[英]how to iterate over Pandas data frame and update based on previous rows
I have some code which I got to work but it's rather slow. 我有一些需要工作的代码,但是速度很慢。 I need to update a table of trades and quotes. 我需要更新交易表和报价表。 The base table is like this: 基表是这样的:
+--------+-----------+----------+----------+--------+----------+
| Symbol | Timestamp | BidPrice | AskPrice | Price | Quantity |
+--------+-----------+----------+----------+--------+----------+
| MSFT | 9:00 | | | 46.98 | 140 |
| MSFT | 9:01 | | | 46.99 | 100 |
| MSFT | 9:02 | | | 47 | 400 |
| MSFT | 9:03 | | | 47 | 100 |
| MSFT | 9:04 | 46.87 | 46.99 | | |
| MSFT | 9:05 | | | 46.89 | 100 |
| MSFT | 9:06 | | | 46.95 | 600 |
| MSFT | 9:07 | 46.91 | 46.99 | | |
| MSFT | 9:08 | 46.91 | 46.97 | | |
| MSFT | 9:09 | | | 46.935 | 100 |
| MSFT | 9:10 | 46.89 | 46.96 | | |
| MSFT | 9:11 | | | 46.93 | 100 |
| MSFT | 9:12 | | | 46.91 | 100 |
+--------+-----------+----------+----------+--------+----------+
I need to set the bid and price for each trade (there is a Price but no bid/ask). 我需要为每个交易设置出价和价格(有价格,但没有出价/要价)。 So starting with bid = 46.8 and ask = 47, set the values, and when those values change, set new values. 因此,以bid = 46.8并要求= 47开始,设置值,然后在这些值更改时设置新值。 Like this: 像这样:
+--------+-----------+----------+----------+--------+----------+
| Symbol | Timestamp | BidPrice | AskPrice | Price | Quantity |
+--------+-----------+----------+----------+--------+----------+
| MSFT | 9:00 | 46.8 | 47 | 46.98 | 140 |
| MSFT | 9:01 | 46.8 | 47 | 46.99 | 100 |
| MSFT | 9:02 | 46.8 | 47 | 47 | 400 |
| MSFT | 9:03 | 46.8 | 47 | 47 | 100 |
| MSFT | 9:04 | 46.87 | 46.99 | | |
| MSFT | 9:05 | 46.87 | 46.99 | 46.89 | 100 |
| MSFT | 9:06 | 46.87 | 46.99 | 46.95 | 600 |
| MSFT | 9:07 | 46.91 | 46.99 | | |
| MSFT | 9:08 | 46.91 | 46.97 | | |
| MSFT | 9:09 | 46.91 | 46.97 | 46.935 | 100 |
| MSFT | 9:10 | 46.89 | 46.96 | | |
| MSFT | 9:11 | 46.89 | 46.96 | 46.93 | 100 |
| MSFT | 9:12 | 46.89 | 46.96 | 46.91 | 100 |
+--------+-----------+----------+----------+--------+----------+
I worked this out iterating over rows, but for 112k rows, it takes 35 seconds. 我反复遍历了行,但是对于112k行,这需要35秒。
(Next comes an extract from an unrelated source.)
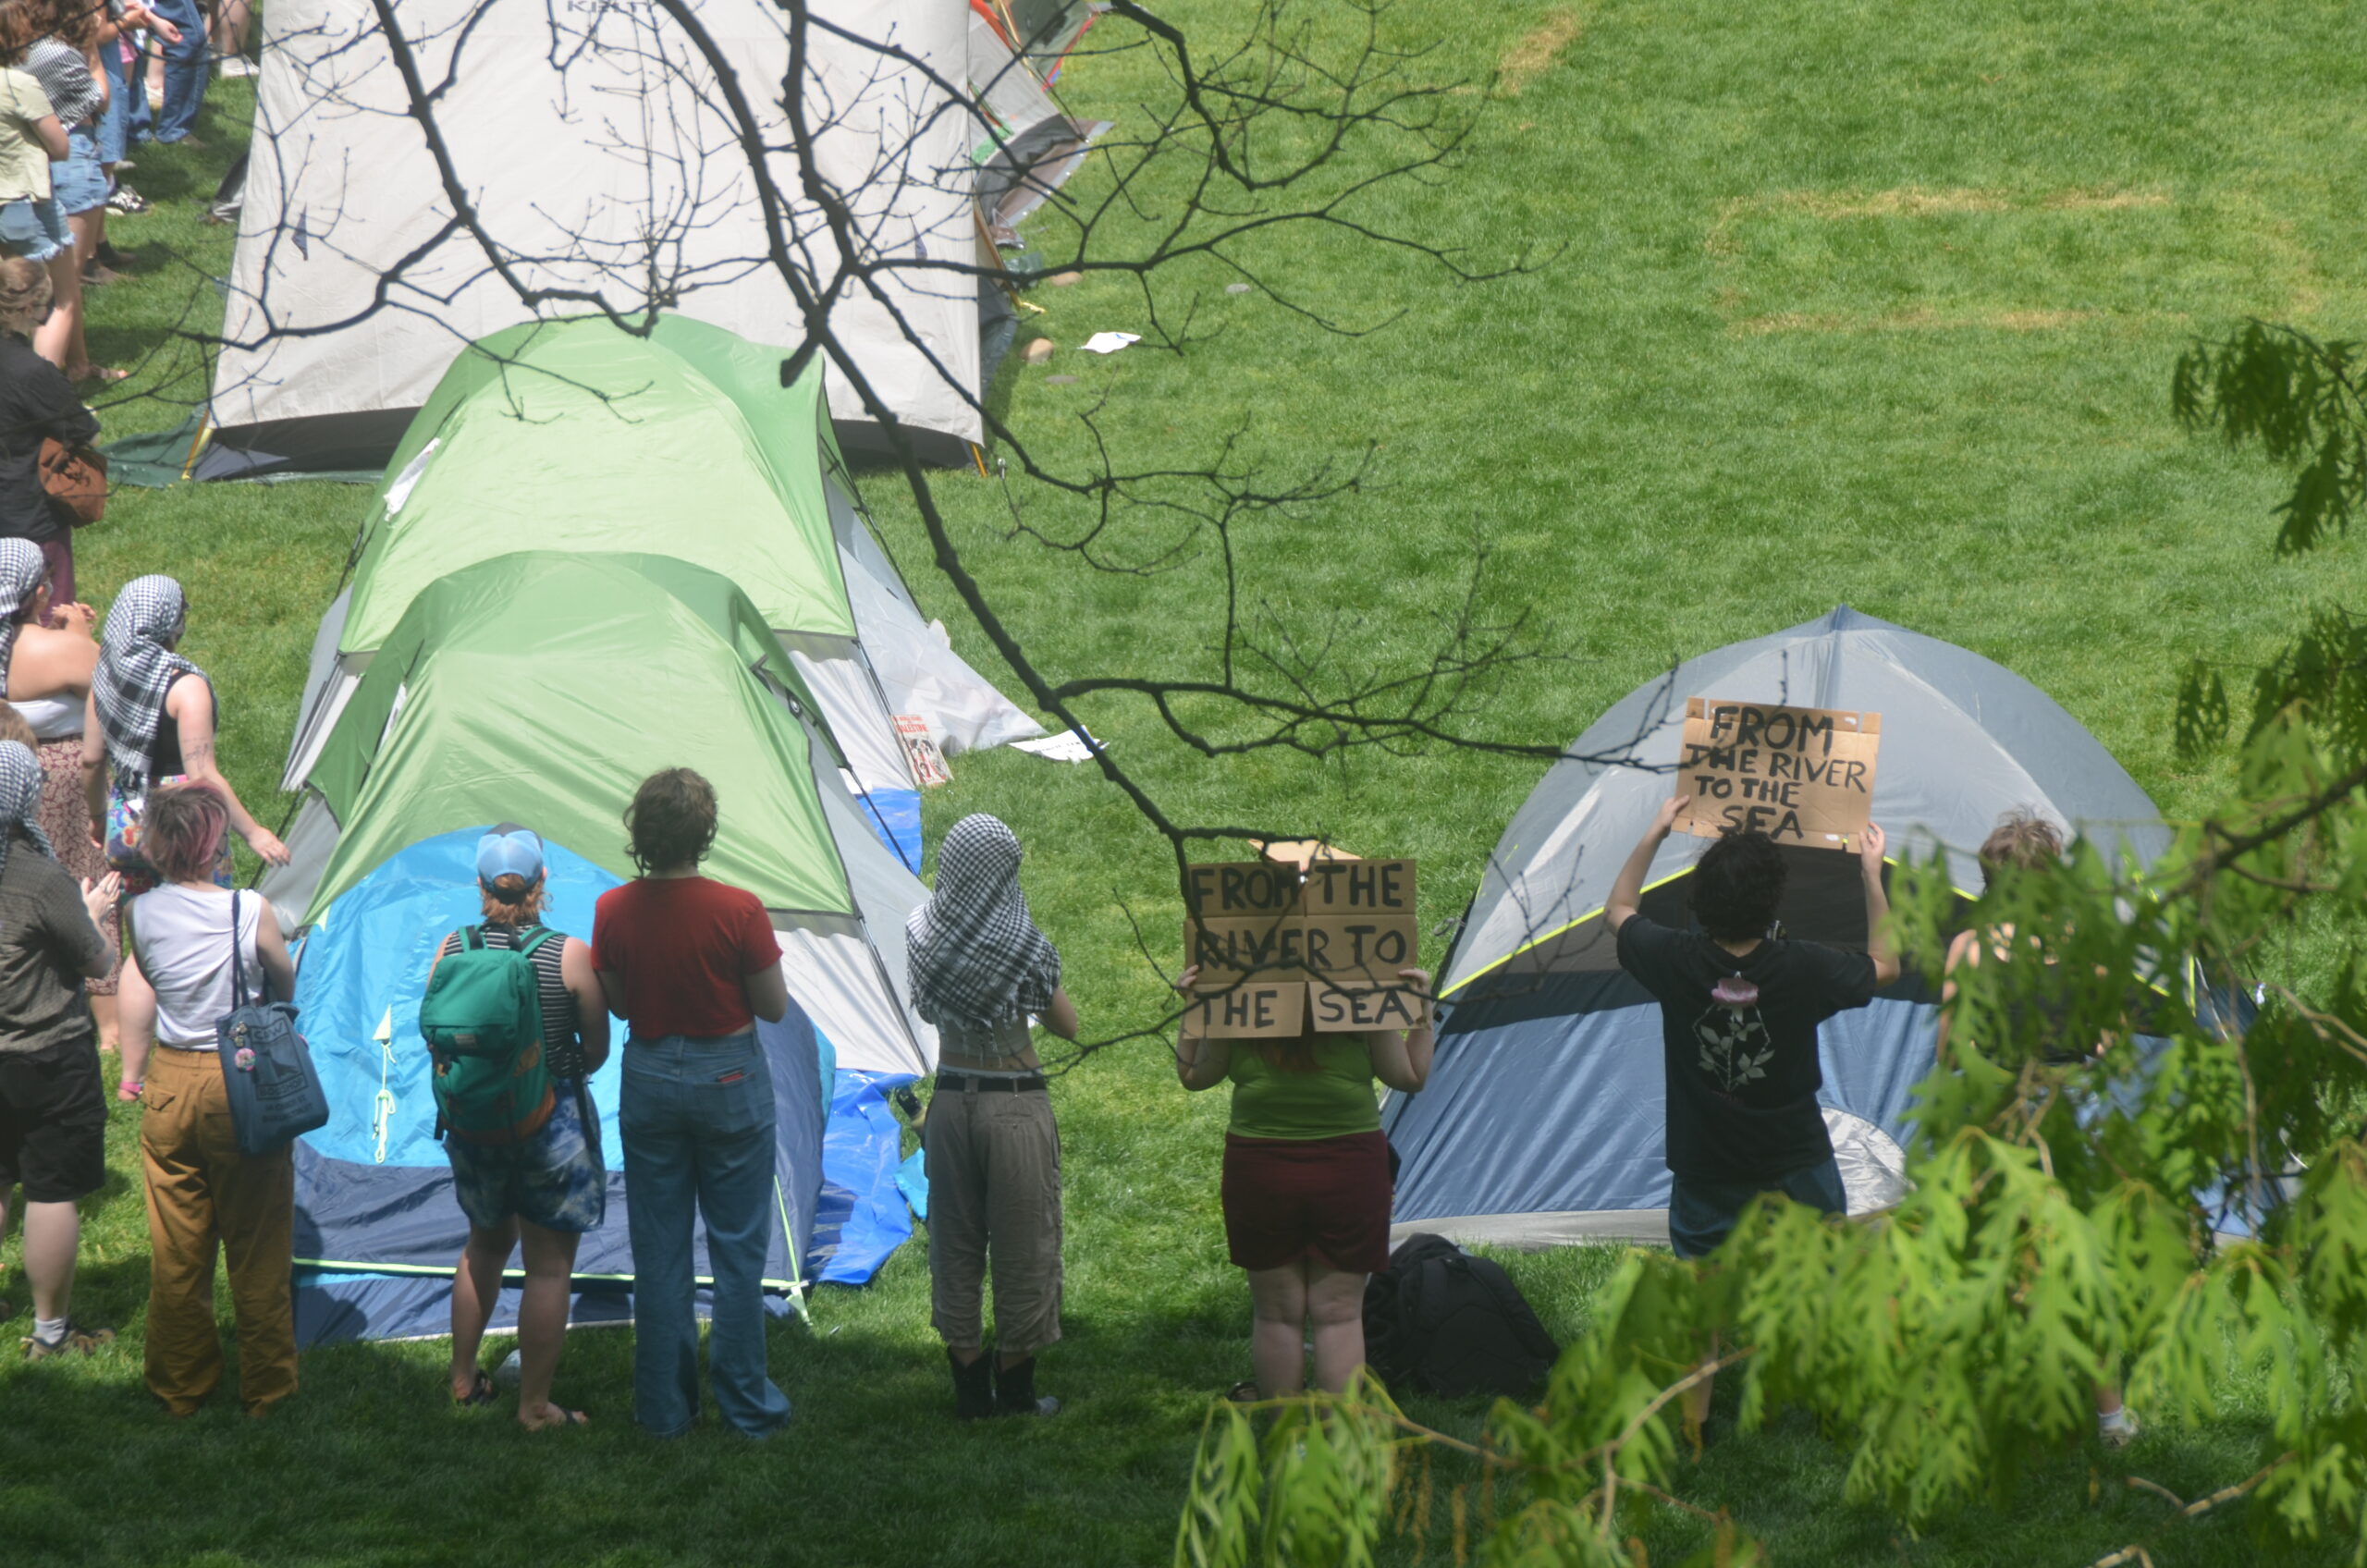 Day 5 at Bryn Mawr College Encampment on Merion Green Sees Increasing Tensions Between Admin and Protestors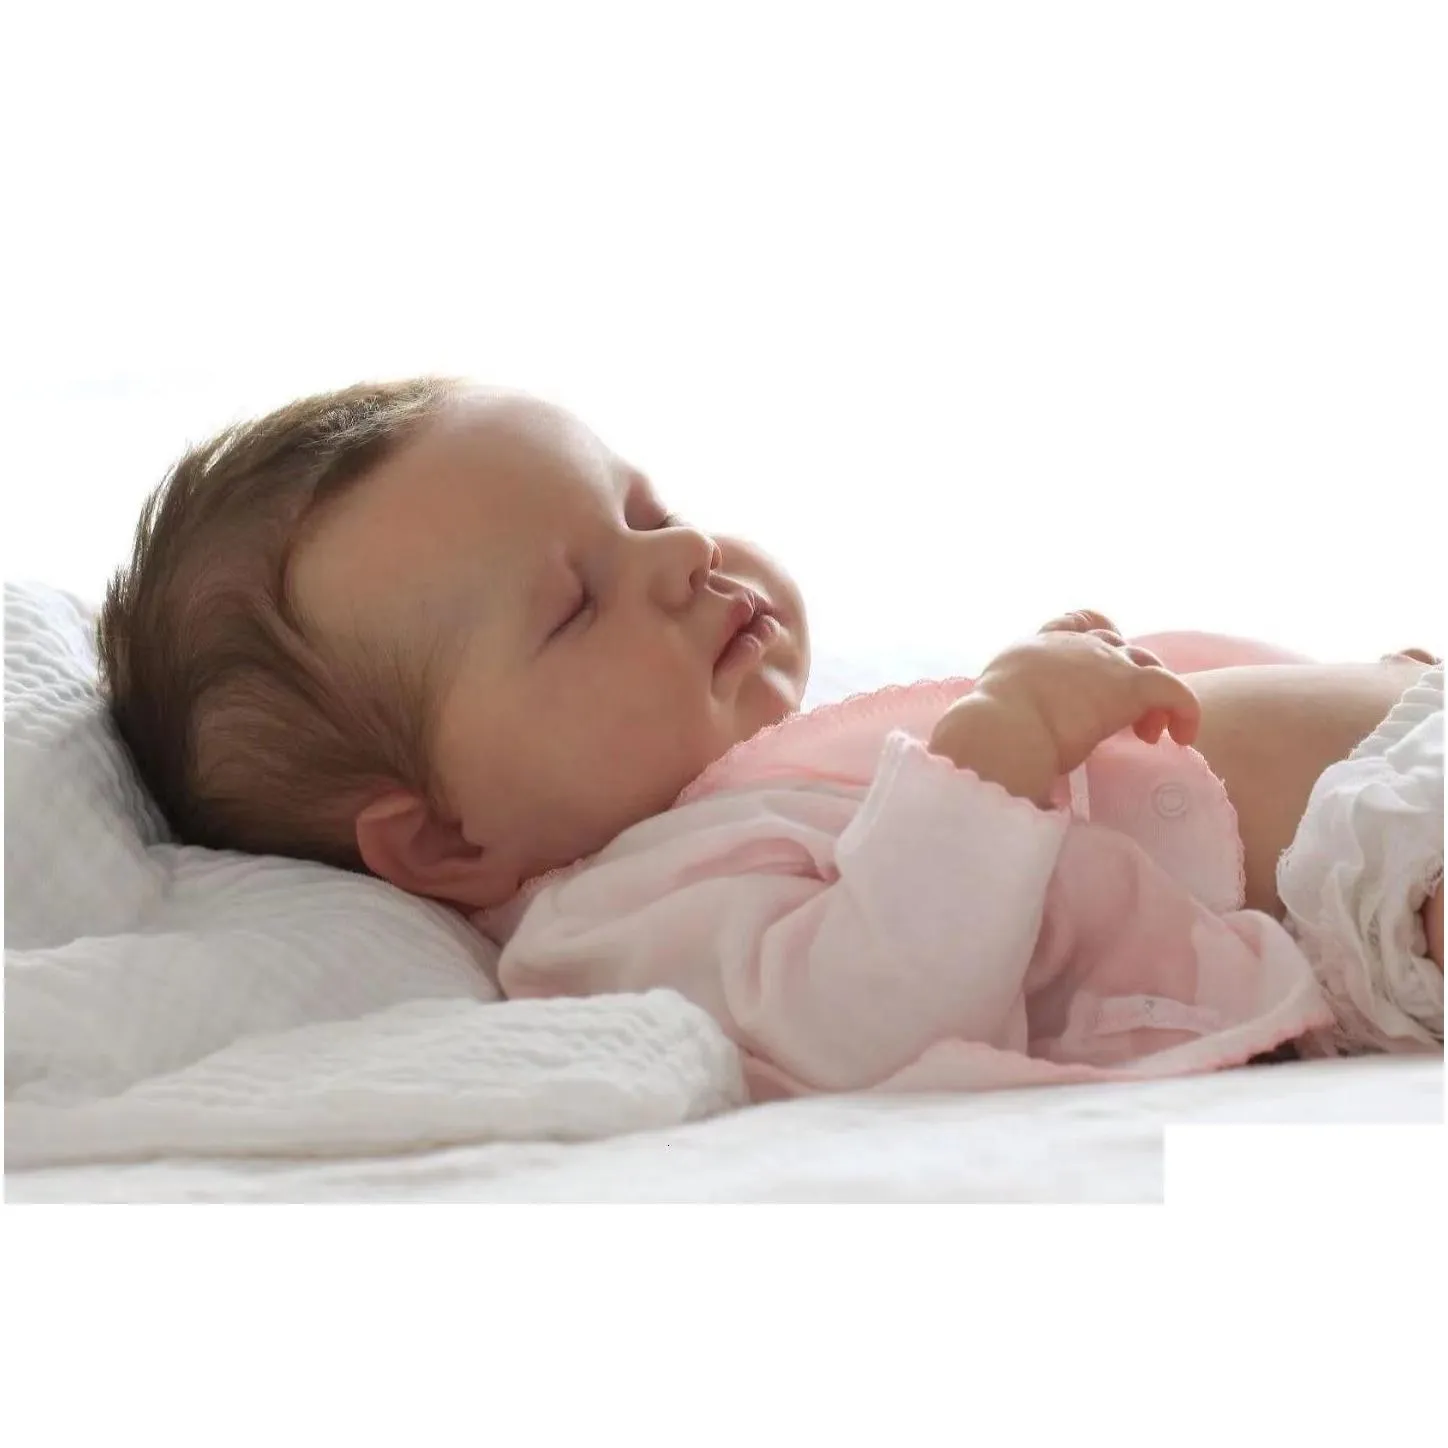 dolls 50cm whole body silicone vinyl loulou bebe reborn girl and boy with painted visible veins handmade lifelike reborn baby doll

for i, row in qts_trd.iterrows():
if np.isnan(row['Price']):
bid = row['BidPrice']
ask = row['AskPrice']
if np.isnan(row['BidPrice']):
qts_trd.at[i,'BidPrice'] = bid
qts_trd.at[i,'AskPrice'] = ask
I know the basics of lambda functions, applying the same one to every row. 我知道lambda函数的基础,将相同的函数应用于每一行。 I think it's quicker, but as you see it changes. 我认为它更快,但是正如您所见,它会发生变化。 Is there any more efficient/quicker way to do it? 有没有更有效/快捷的方法来做到这一点?
This is Python 3.7 in Spyder. 这是Spyder中的Python 3.7。
Try pandas fillna() function using the method='ffill'
使用method='ffill'
尝试pandas fillna()函数
So: 所以:
qts_trd.BidPrice.fillna(method='ffill', inplace=True)
qts_trd.AskPrice.fillna(method='ffill', inplace=True)
In my experience it's very quick 以我的经验,它很快
Edit: 编辑:
I just realised this wont fill your first values, the below code will insert a row at the top to fill from, and then delete it. 我只是意识到这不会填充您的第一个值,下面的代码将在顶部插入一行以进行填充,然后将其删除。
qts_trd.loc[-1] = ['', '', 46.8, 47, '', '']
qts_trd.index += 1
qts_trd.sort_index(inplace=True)
qts_trd.BidPrice.fillna(method='ffill', inplace=True)
qts_trd.AskPrice.fillna(method='ffill', inplace=True)
qts_trd.drop(0,0,inplace=True)
qts_trd.reset_index(drop=True, inplace=True)
Edit 2.0...thanks to @no_body 's comment: 编辑2.0 ...感谢@no_body的评论:
qts_trd.BidPrice.fillna(method='ffill', inplace=True).fillna(46.8)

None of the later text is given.